Once general insurance arrangements have been made, brokers with staff are faced with further protection issues. Sharon Curd, press office with Allianz Cornhill, says smaller intermediaries can often take a creative approach to staff benefits and perks, even if they cannot afford the most generous pension provision or the high cost of private medical insurance.

"A group personal accident policy is generally reasonably priced and will mean staff have some cover," she says. "Annual business travel is another popular option. We would always check a broker is up to date with company vehicles too. Every year brokers should have a spring-clean and work out what they can afford and how they can put together the best package."

She continues: "E-risks are a growing area and cover against data protection errors and omissions are also available. Brokers producing material on their website or in newsletters should also consider libel cover and key person insurance can also be valuable for senior managers."

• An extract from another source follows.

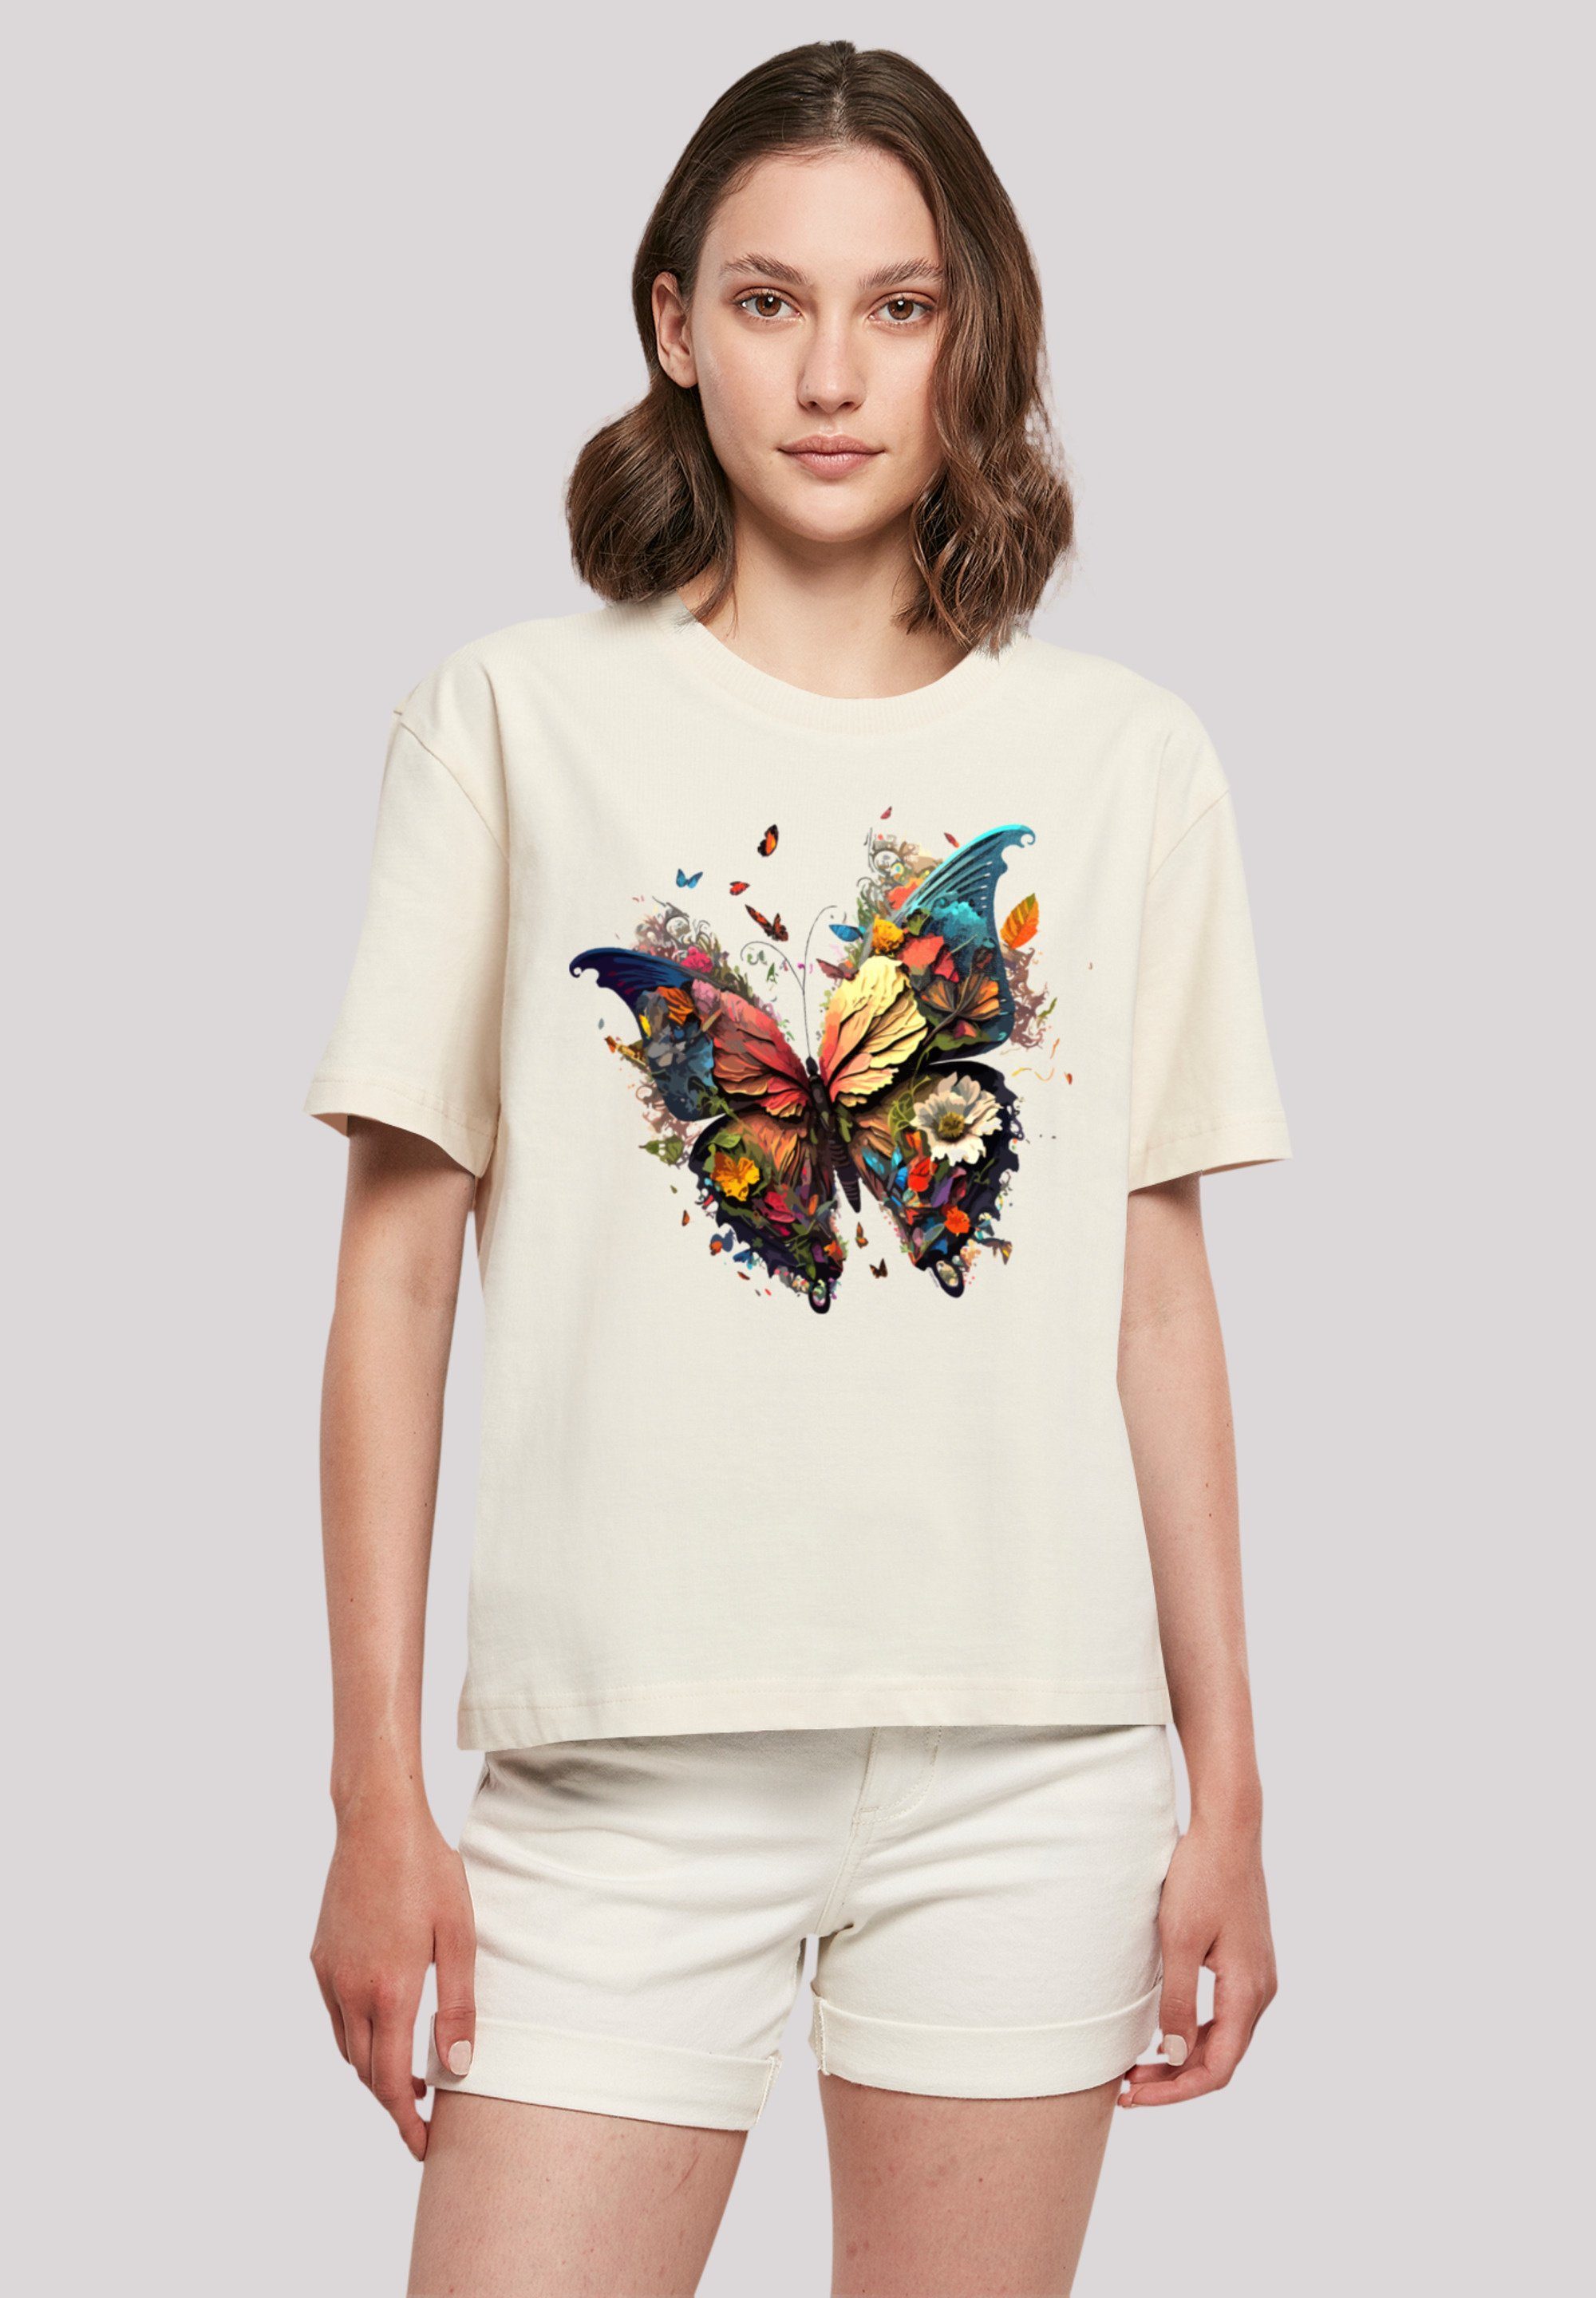 F4NT4STIC T-Shirt Schmetterling Magic Look für Print, Rundhalsausschnitt Gerippter stylischen

Key person insurance, usually provided by life companies, invariably involves high sums insured and as result may be priced out of reach for some brokers. A more philanthropic option could be a group cash plan and there is now a plethora of these to choose from.

One of the largest providers, HealthSure, provides schemes for a number of brokers. Head of marketing Raman Sankaran says: "The cost of PMI has been rising for years - it is often too expensive even for senior staff only. A cash plan on the other hand is good value and is something that you don't have to be ill to claim for. Glasses and dental treatment are included, as are a range of helplines."

Choosing business protection cover is becoming more complex as more products are targeted at the market and insurers need to focus more on this core customer base. Brokers, it seems, are becoming increasingly important insurance buyers and their buying power should be recognised.